We found that our genome-based estimate was highly variable (see Figure 1 and ellipses in Supplementary Figure 2). Hence, it can be seen as unreliable depending on the goal of the study. The genome-based and genealogy-based approaches are in fact complementary. The former is probably best for homozygosity mapping and genetic studies and the latter for anthropological studies. Thus, when studying a population, it would be most informative to have both types of information.

Previous studies9, 24, 25 have highlighted the risk of overestimating inbreeding coefficients when the studied markers are in LD. The strategy developed here, which consists of generating several sparse maps, seems to be a reliable strategy that avoids losing as much information as when a single sparse map is considered. Recently, Browning and Browning26 proposed a new method for HBD detection that incorporates a comprehensive LD model.

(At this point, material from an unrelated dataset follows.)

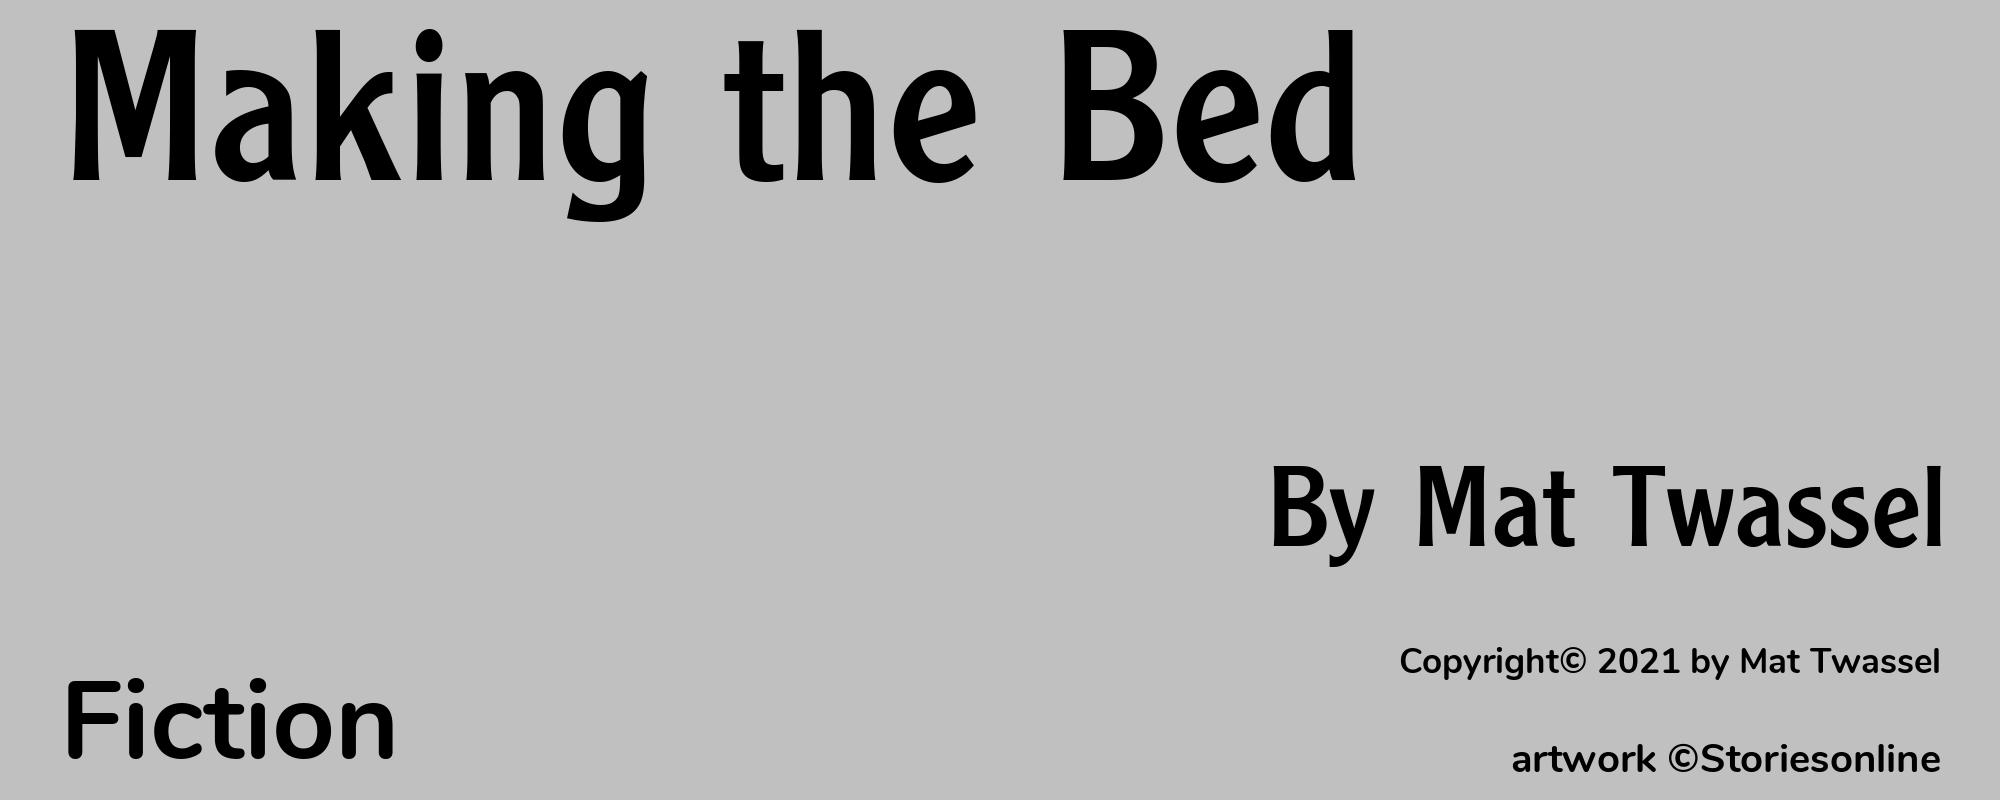 Making the Bed - Cover

The method was developed for the study of outbred individuals of Northern European ancestry and does not allow estimating F. However, if the method were modified to estimate F, then it would be interesting to apply it to the HGDP-CEPH panel where consanguinity and diverse populations are present.

Inferring relationships from the genome has been used to check the relationship between two individuals with the goal of data cleaning or genealogy reconstruction.27, 28, 29 To our knowledge, this is the first study in which genome-wide genotypes of (singleton) individuals are used to assess mating-type preferences. The method we proposed can be used with any population-based sample genotyped with SNP chips to infer the frequency of consanguineous marriages in the population and estimate, for each individual, the probability of being inbred. No genealogical information is required, thus avoiding self-reported data or detailed pedigree studies. This method and the results obtained on the HGDP-CEPH panel will be useful in disease studies to evaluate the impact of consanguinity but also more generally to describe marriage patterns in human populations.